Thursday, November 28, 2002

A River Runs Through It

The more I use the Holy Father’s new series of mysteries the more I like them. He calls them the mysteries of light but my own meditation has been following a theme centered on water.

A Carmelite friend explained to me once that a true prophet in the Old Testament was always one who had power over water. Baal was the god of water and rain. So the prophets of the true God showed their superiority by having greater power than the Baals over the element of water, the essential for all life on earth. All through the New Testament, Our Lord shows greater authority over water than any prophet. The mysteries of light seem to me to highlight this.

In the first mystery Our Lord is baptized by John the Baptist and thereby sanctifies water for all time.
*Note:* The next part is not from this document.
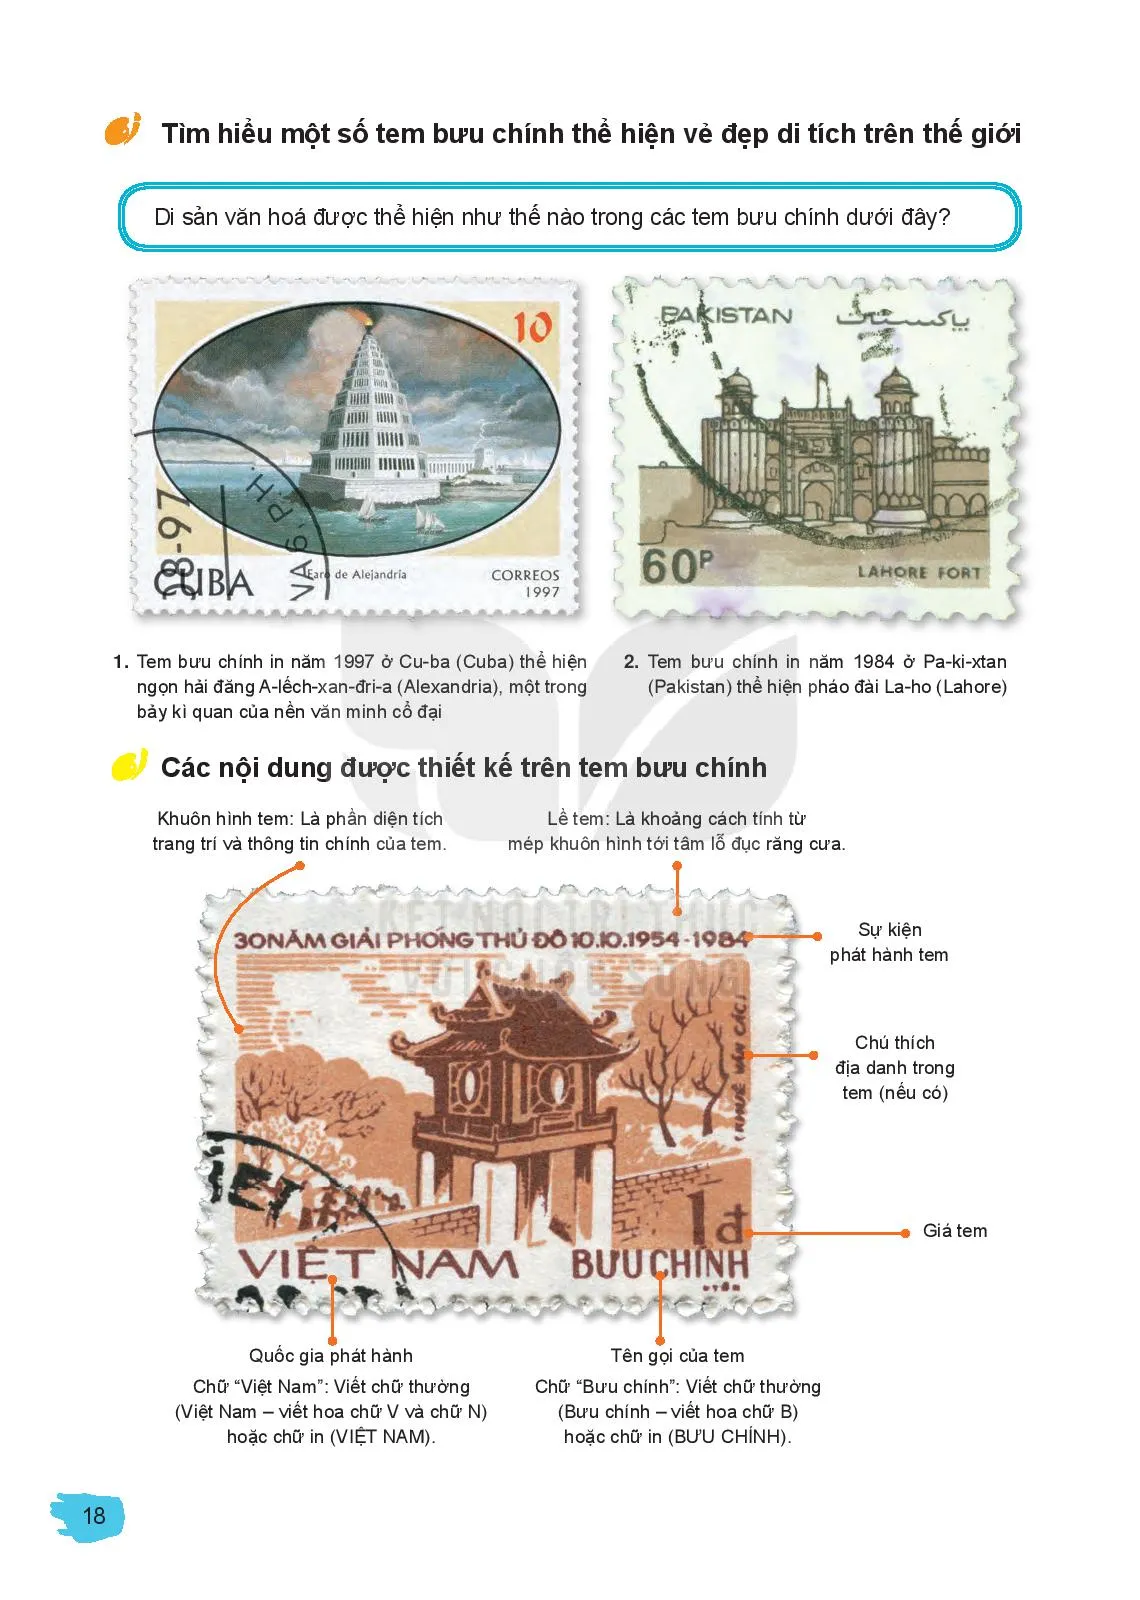 Bài 4: Hình ảnh di tích trong thiết kế tem bưu chính

He makes it suitable for the sacrament of baptism and for sanctifying us.

In the second mystery Our Lord takes the element of water and transforms it utterly by turning it into wine, thereby bringing it to a higher natural order.

In the third mystery the kingdom is proclaimed. The first step here is to “repent and be baptized.” Here water is used on a higher spiritual plane to bring life in the spiritual order.

In the fourth mystery of the Holy Transfiguration, Our Lord appears with the two Old Testament prophets who had the greatest power over water, Moses and Elias. Moses parted the Red Sea and brought forth water from a rock. Elias started and stopped droughts and was able to bring fire from heaven to consume a sacrifice soaked in water.

In the fifth mystery which includes the institution of the Blessed Eucharist, Our Lord transforms wine into his own Blood. In the second mystery water is raised up a step to wine and now the wine is raised even further by becoming the Lord Himself.

At the end of the sorrowful mysteries, water and wine together flow from the Lord’s pierced heart.

Do I make too much of the water theme? Maybe. But so far it has been a fruitful meditation.